A teenager is demanding €3million (£2.5million) in compensation after learning she was swapped at birth with another baby almost 20 years ago.
The now 19-year-old was switched in a maternity ward at a hospital in the La Rioja region of Spain in 2002.
The mix-up came to light by chance after one of the women took a DNA test and discovered she was not genetically related to her presumed mother and father.
It happened after she and another baby were both born underweight and placed in incubators, before being handed to the wrong parents.
Spanish medics have blamed the incident on “human error”.
The 19-year-old is now taking legal action against local health authorities.
Sara Alba, health chief of Spain’s northern La Rioja region, told a news conference: “It was a human error and we haven’t been able to find out who was to blame.
“The systems back then were different and weren’t as computerised as they are now.”
Ms Alba offered assurances such an incident could not happen again.
She spoke out after a local newspaper, La Rioja, published a report about the switch on Tuesday.
The other woman who was given to the wrong parents has also been told about the mistake, according to the newspaper.

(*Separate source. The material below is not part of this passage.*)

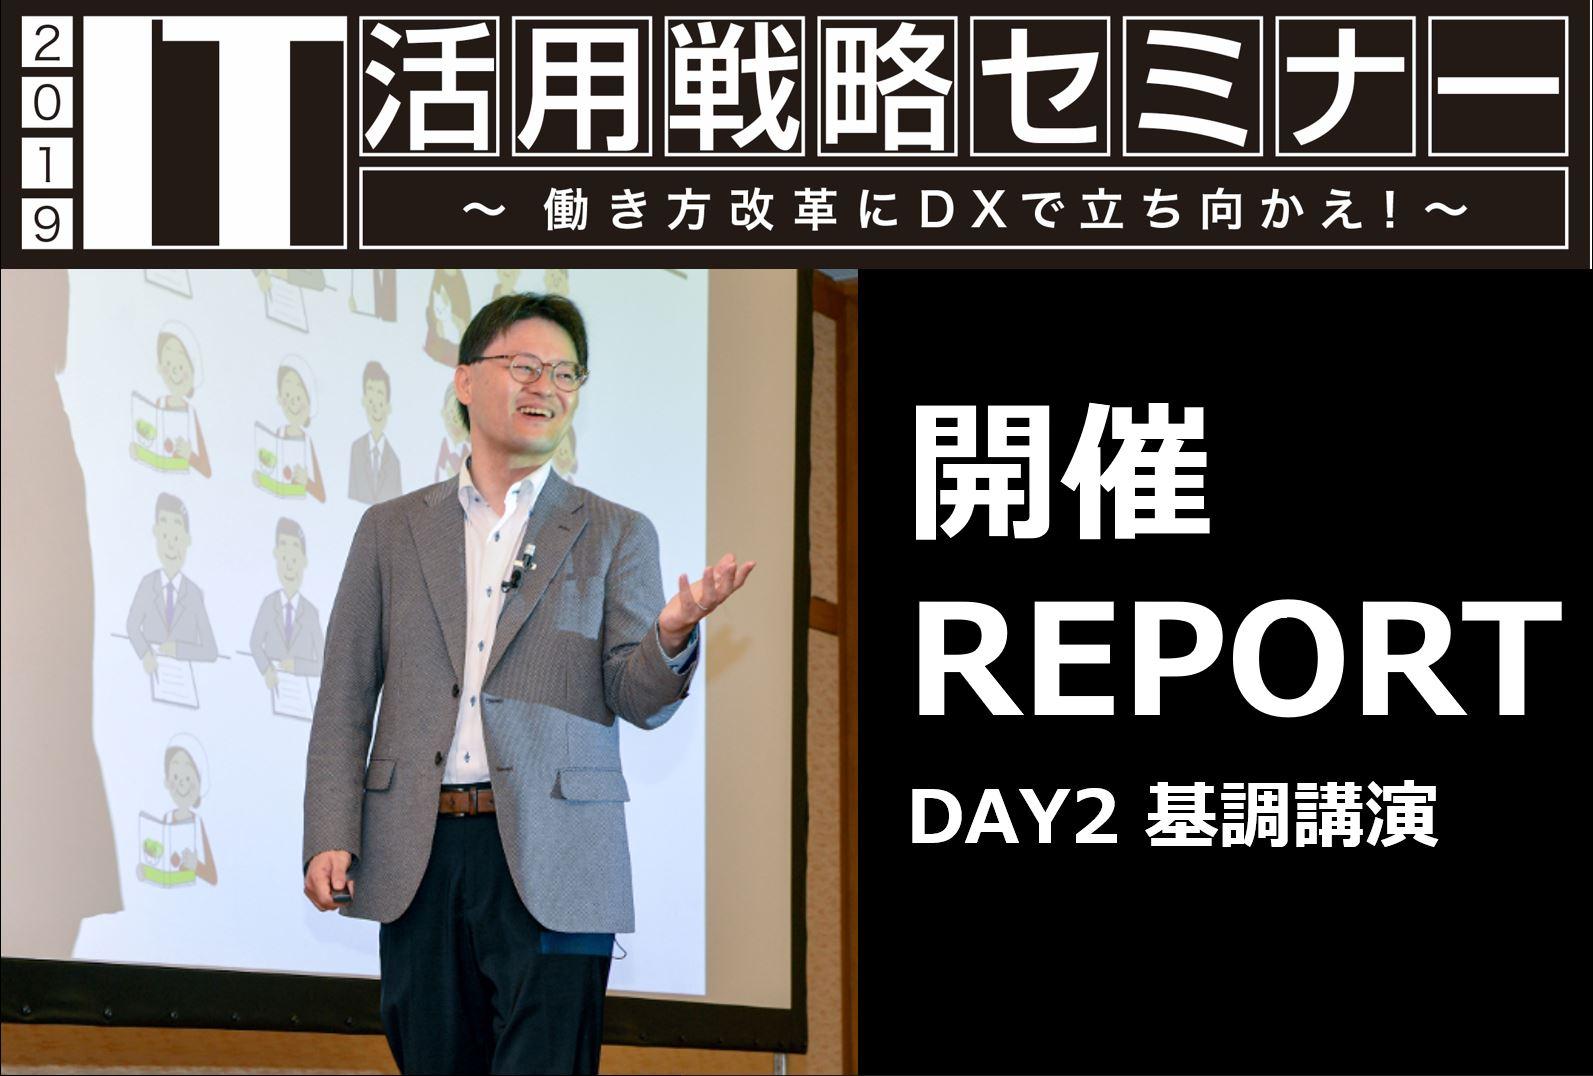 IT活用戦略セミナー~働き方改革にDXで立ち向かえ!~船井総合研究所さま

Neither of the two women have been identified.
Two young French women who were mistakenly switched at birth were awarded €400,000 (£297,000) each after being sent home with the wrong parents in 1994.
Both questioned the identity of the infant they had been handed – despite the nurse insisting no mistake had been made.
The devastating truth emerged a decade later when one of the mothers took a DNA test.
A woman at the centre of an infamous baby switch case in the US in 1995 revealed how she was still furious with the hospital 18 years on.
Paula Johnson learned in 1998 how Callie, the baby girl she raised for three years, was not her daughter.
“I’m angry because I don’t have a relationship with my biological child,” she said in 2013.